RBBGCMuso/RBBGCMuso/R/plotMuso.R

#'plot the Biome-BGCMuSo output 
#'
#' This function runs the Biome-BGCMuSo model and reads its output file in a well structured way, and after that it plots the results automatically. plotMuso is a convenient and quick method to create nice graphs from Biome-BGCMuSo output which is quite painful in other environments. 
#' 
#' @author Roland HOLLOS, Dora HIDY
#' @param settings RBBGCMuso uses variables that define the entire simulation environment. Those environment variables include the name of the INI files, the name of the meteorology files, the path to the model executable and its file name, the entire output list, the entire output variable matrix, the dependency rules for the EPC parameters etc. Using the runMuso function RBBGCMuso can automatically create those environment variables by inspecting the files in the working directory (this happens through the setupMuso function). It means that by default model setup is performed automatically in the background and the user has nothing to do. With this settings parameter we can force runMuso to skip automatic environment setup as we provide the environment settings to runMuso. In a typical situation the user can skip this option.
#' @param timee The required timesteps in the model output. It can be "d", if it is daily, "m", if it is monthly, "y" if it is yearly. It is recommended to use daily data, as the yearly and monthly data is not well-tested yet.
#' @param debugging If debugging is set to TRUE, after model execution the function copies the Biome-BGCMuSo log file into a LOG directory and stores it for further processing. If debugging is set to STAMPLOG instead of TRUE, it concatenates a number before the logfile, which is one plus the maximum of those present in the LOG directory. In each case the log files will be saved. 
#' @param keepEpc If keepEpc is set to TRUE, the function keeps the EPC file and stamps it, and then copies it to the EPCS directory. If debugging is set to TRUE, it copies the wrong EPC files to the wrong epc directory.
#' @param export If it is set to YES or you define a filename here, the function converts the output to the specific file format. For example, if you set export to "example.csv", it converts the output to "csv". If you set it to "example.xls" it converts the output to example.xls with the xlsx package. If the Excel converter package is not installed it gives back a warning message and converts the results to csv.
#' @param silent If you set the silent parameter to TRUE, all of the model's output normally written to the screen will be suppressed. This option can be useful to increase the speed of the model execution.

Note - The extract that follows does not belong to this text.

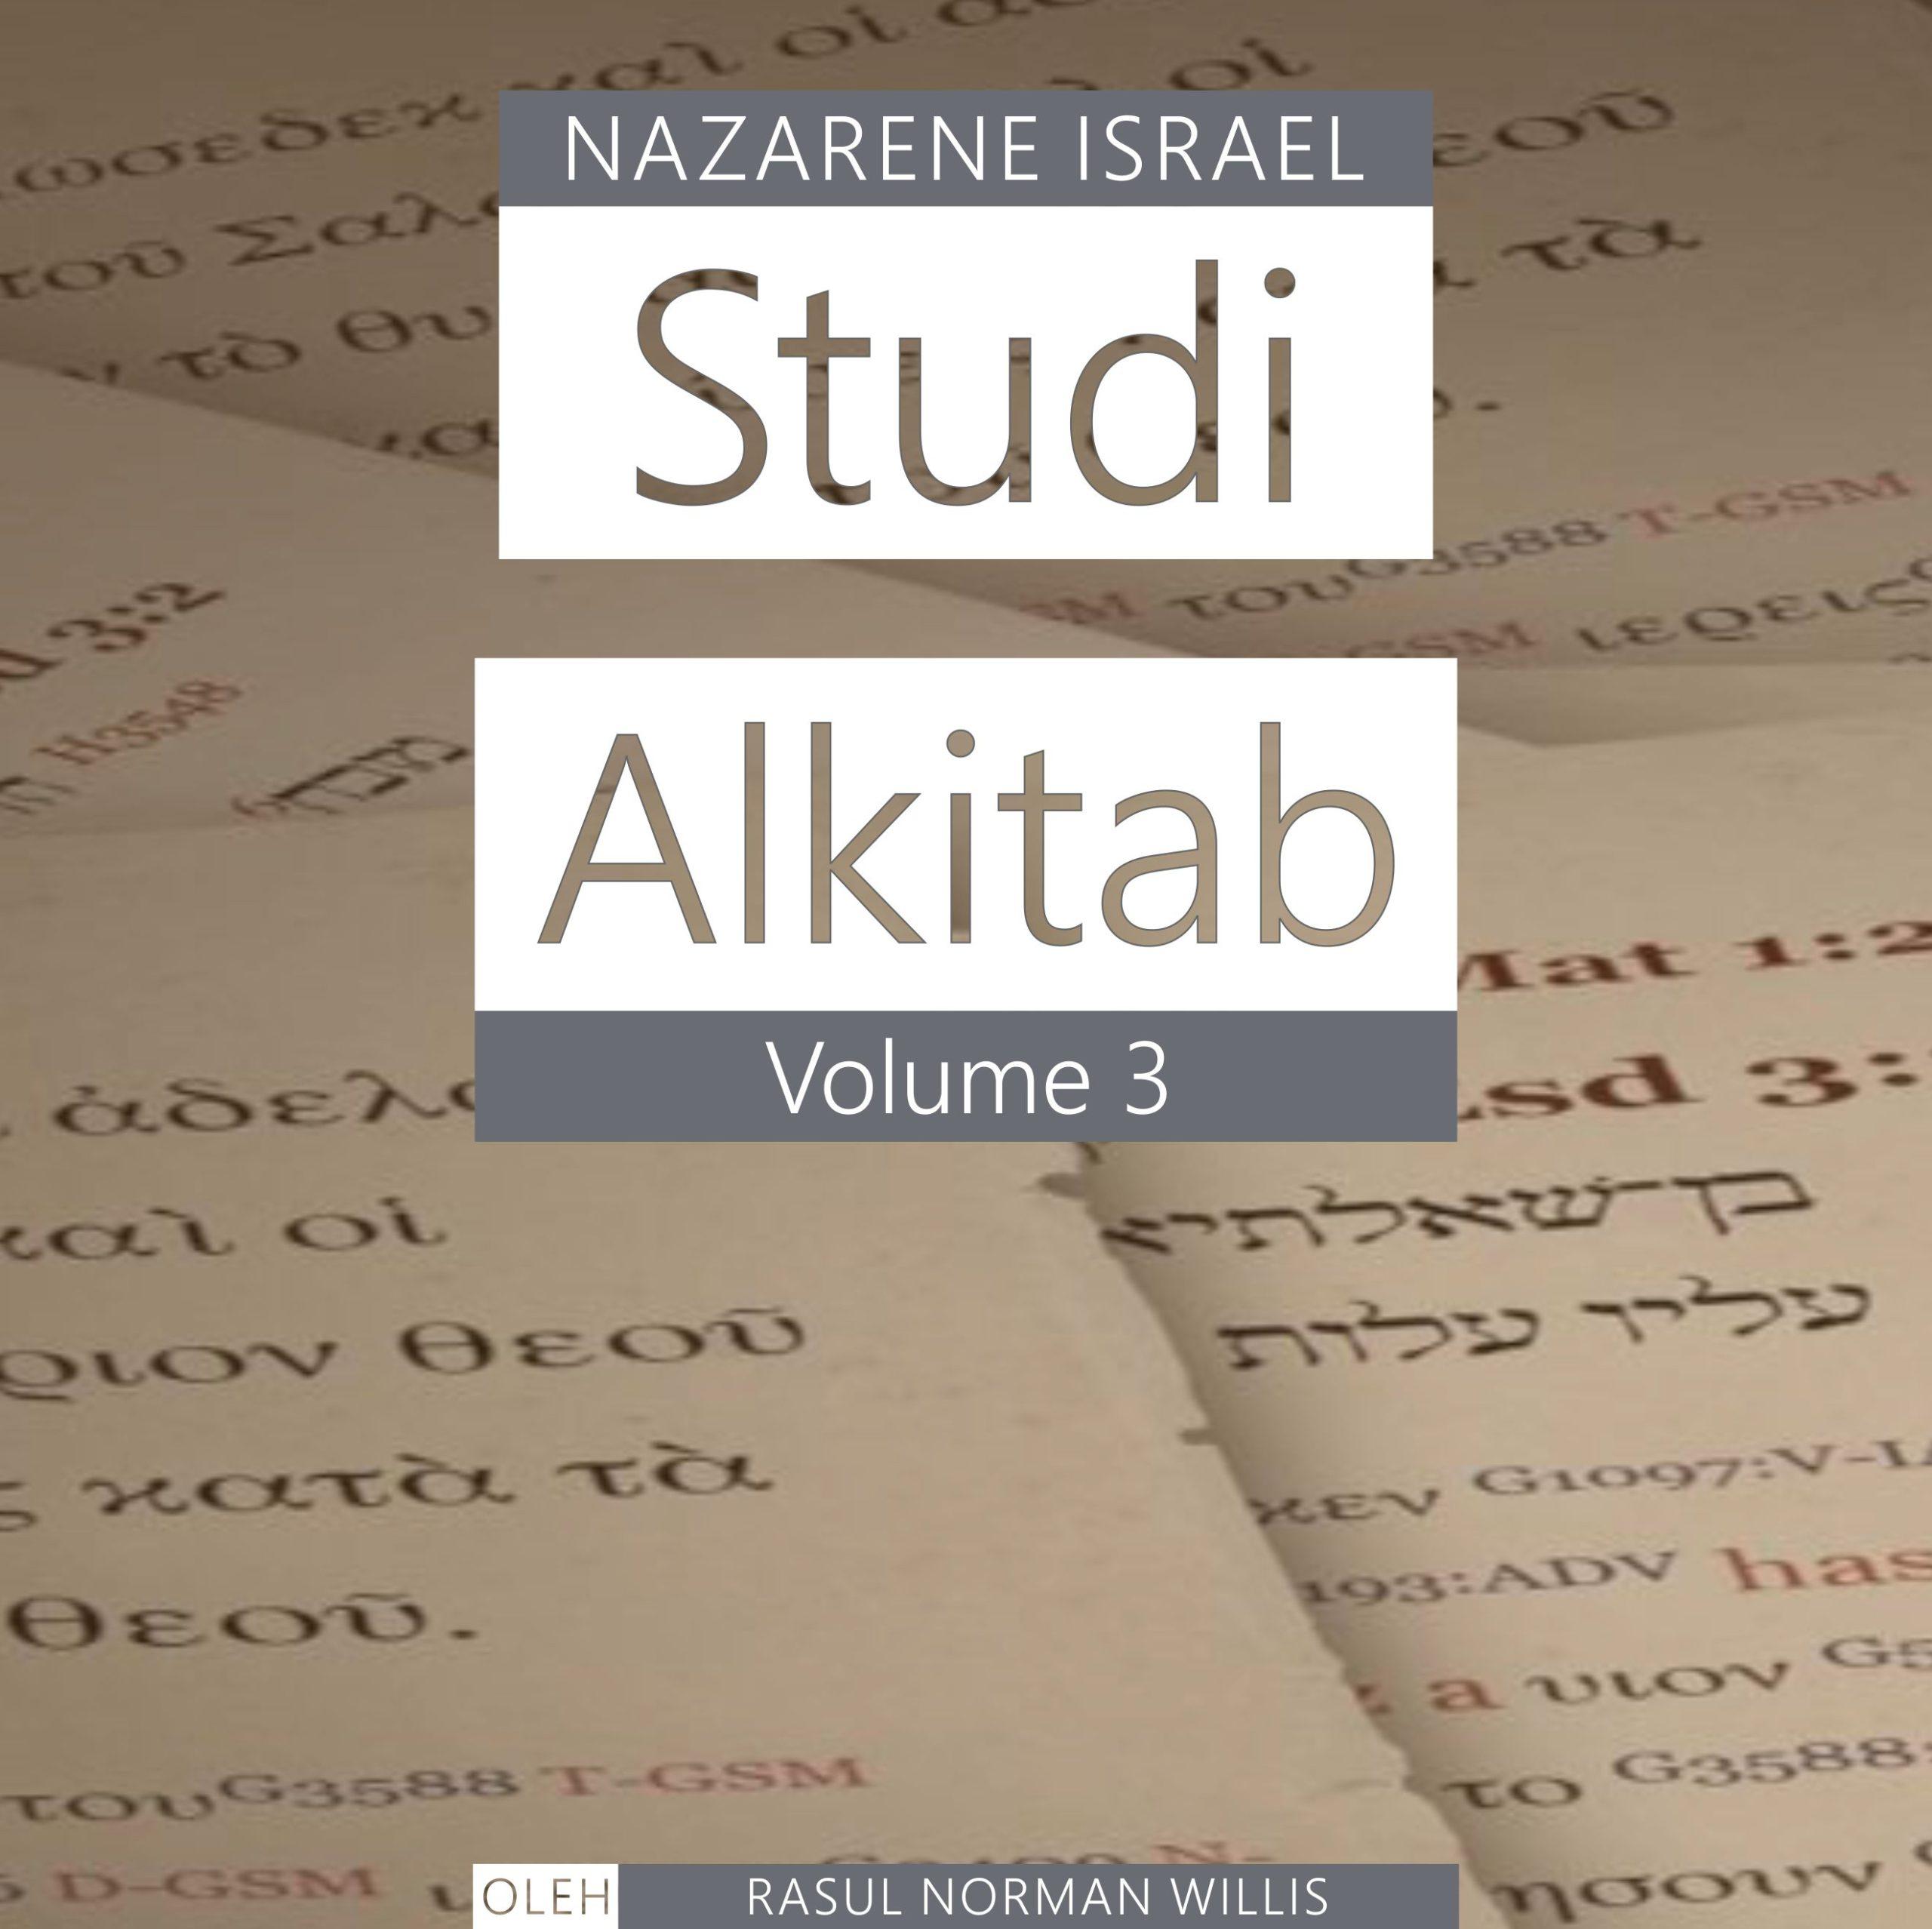 Studi Alkitab Nazaret Vol. 3

#' @param aggressive It deletes all previous model-outputs from previous model runs.
#' @param variable Column number of the output variable which should be plotted, or "all" if you have less than 10 variables. In this case the function will plot everything in a matrix layout. 
#' @param leapYear Should the function do a leapyear correction on the output data? If TRUE, then the result for 31 December will be doubled in leap years which means that the results for the leap year will cover all 366 days. See the model's User's Guide for notes on leap years. 

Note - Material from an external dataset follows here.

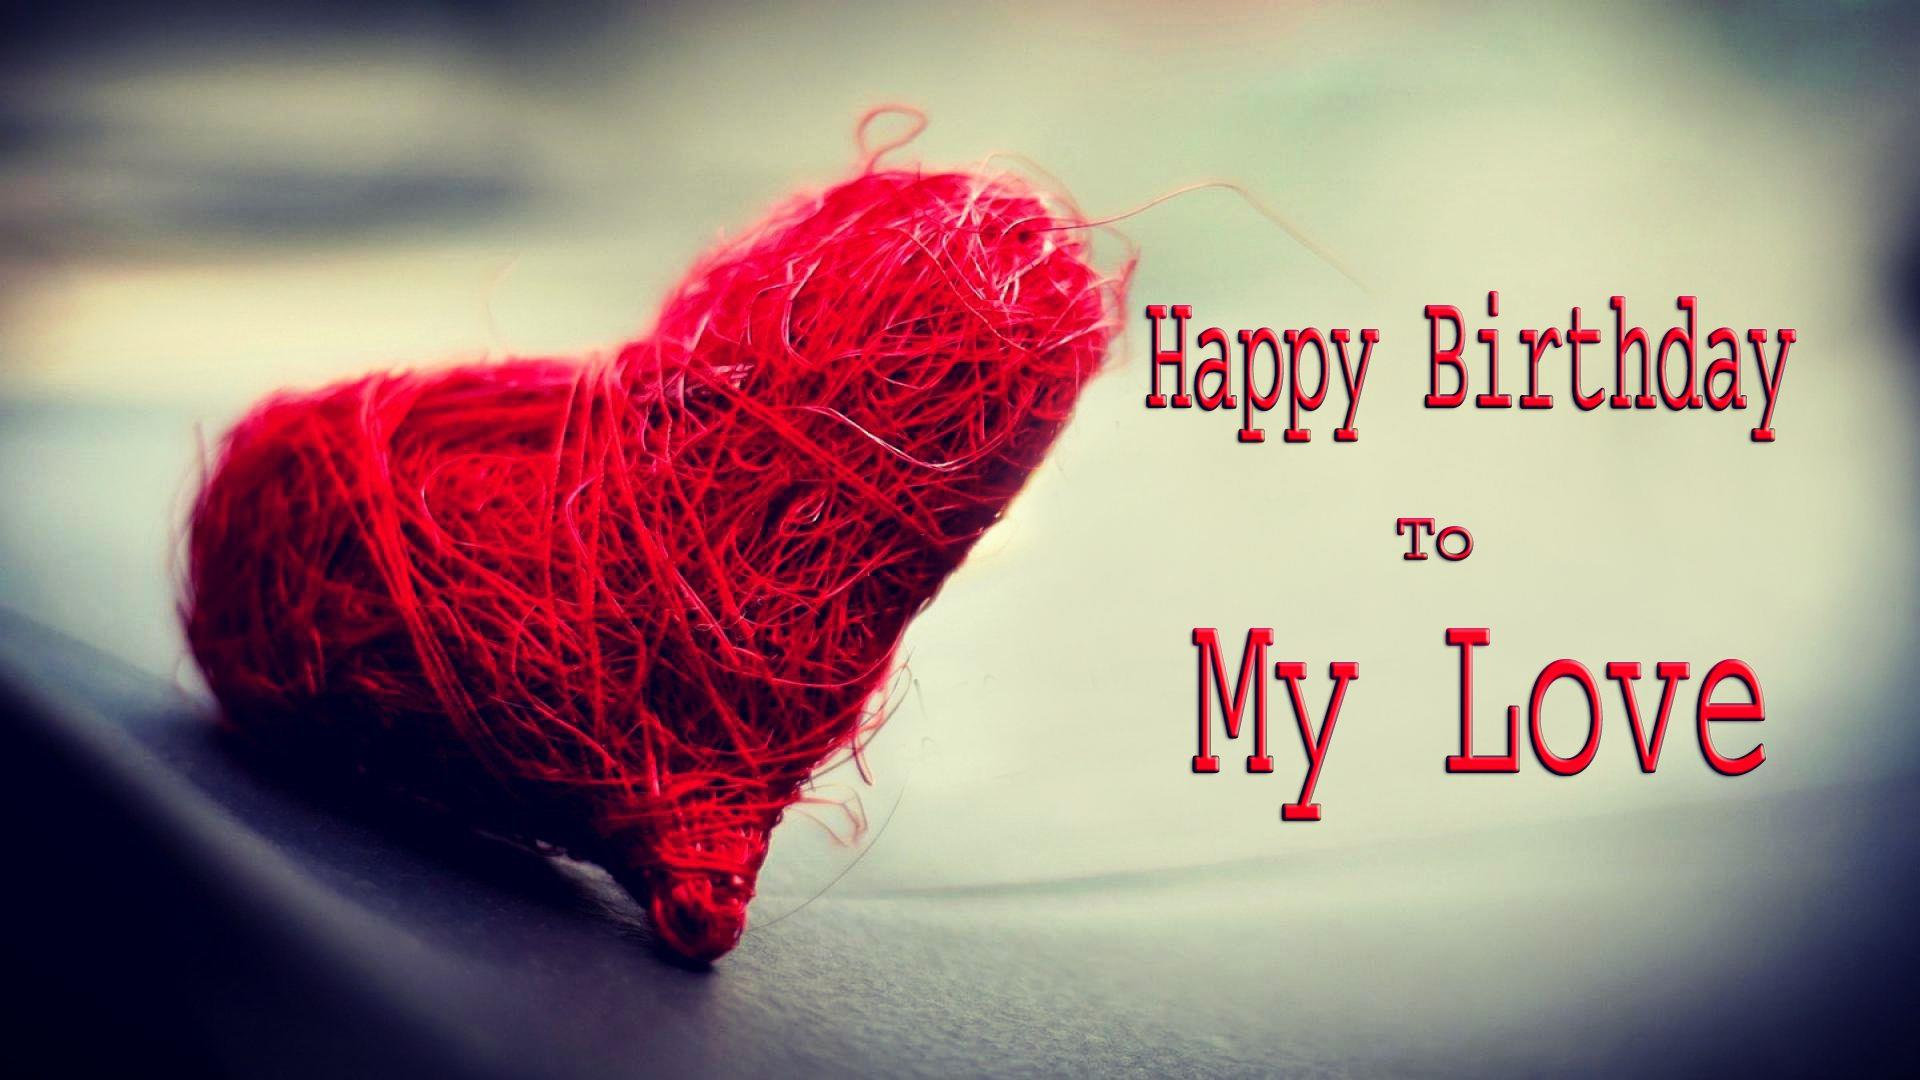 Happy Birthday To My Love Couple Birthday Wishes

#' @param logfilename If you would like to set a specific name for your logfiles you can set this via the logfile parameter.
#' @param plotType There are two options implemented by now: continuous time series ("cts") or disctrete time series ("dts")

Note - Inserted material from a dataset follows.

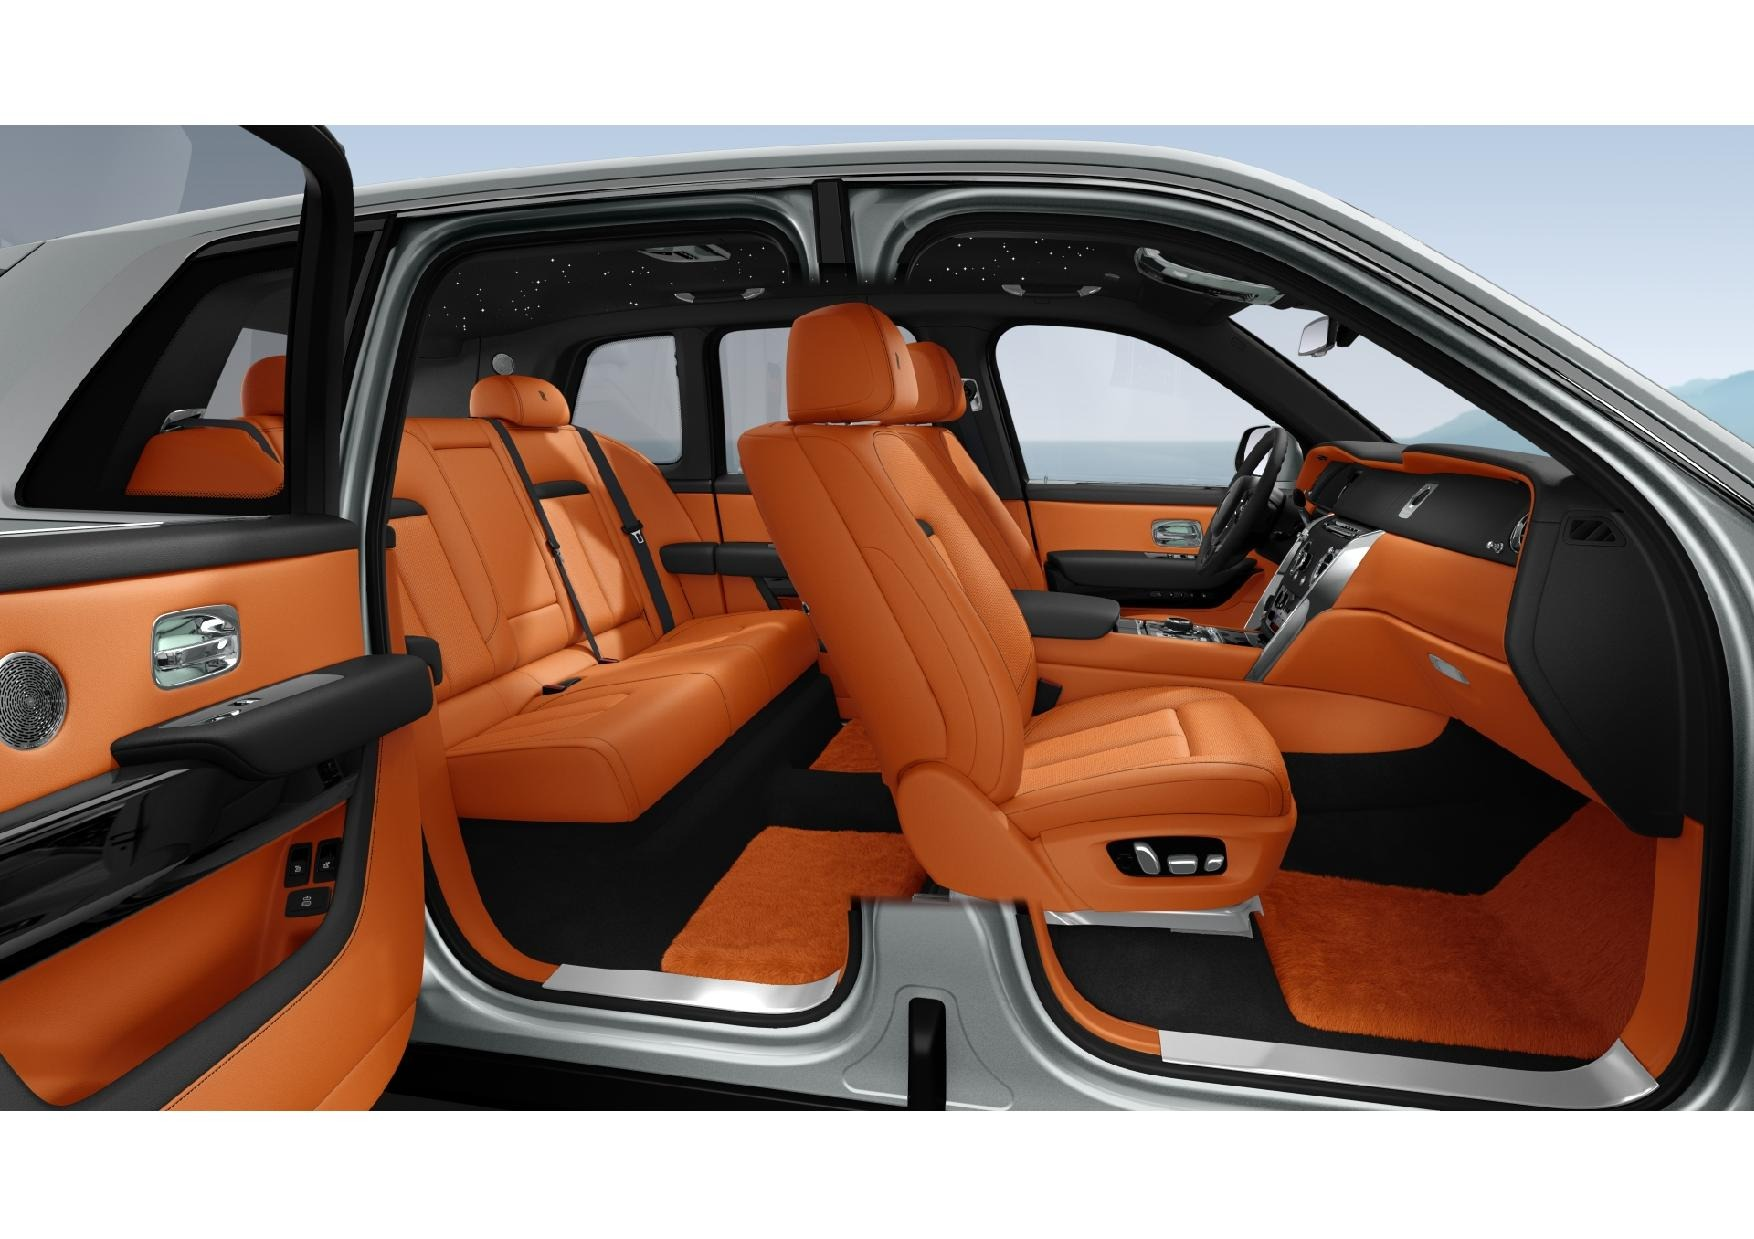 New 2022 Rolls Royce Cullinan

#' @param skipSpinup If TRUE, the function won't perform the spinup simulation. In this case the endpoint file must exist that provides initial conditions for the run. 
#' @return It depends on the export parameter. The function returns with a matrix with the model output, or writes this into a file, which is defined previously
#' @usage plotMuso(settings, variable,
#' timee="d", silent=TRUE,
#' debugging=FALSE, keepEpc=FALSE,
#' logfilename=NULL, aggressive=FALSE,
#' leapYear=FALSE, export=FALSE)
#' @importFrom ggplot2 ggplot aes_string geom_line geom_point aes labs theme ggsave element_blank facet_wrap
#' @importFrom dplyr filter group_by summarize mutate '%>%'
#' @importFrom tibble rownames_to_column
#' @importFrom tidyr separate gather
#' @importFrom data.table ':=' data.table
#' @export

plotMuso <- function(settings = NULL, variable = 1,
                     ##compare, ##plotname,
                     timee = "d", silent = TRUE,
                     calibrationPar = NULL, parameters = NULL,
                     debugging = FALSE, keepEpc = FALSE,
                     fileToChange = "epc", logfilename = NULL,
                     aggressive = FALSE, leapYear = FALSE,
                     plotName = NULL, plotType = "cts",
                     layerPlot = FALSE, colour = "blue",
                     skipSpinup = TRUE, fromData = FALSE,
                    timeFrame = "day", selectYear = NULL,
                    groupFun = mean, separateFile = FALSE, dpi=300, postProcString = NULL){

    if( plotType!="cts" && plotType != "dts"){
        warning(paste0("The plotType ", plotType," is not implemented, plotType is set to cts"))
        plotType <- "cts"
    }
    
    if(is.null(settings)){
        settings <- setupMuso()
    }
    
    numberOfYears <- settings$numYears
    startYear <- settings$startYear
    dailyVarCodes <- settings$dailyVarCodes
    ## musoData <- rungetMuso(settings=settings,
    ##                        silent=silent,
    ##                        timee=timee,
    ##                        debugging=debugging,
    ##                        keepEpc=keepEpc,
    ##                        logfilename=logfilename,
    ##                        export=export)
    
    groupByTimeFrame <- function(Data, timeFrame, groupFun){
        Data <- data.table(Data)
        Data[,c(variable):=groupFun(get(variable)),get(timeFrame)]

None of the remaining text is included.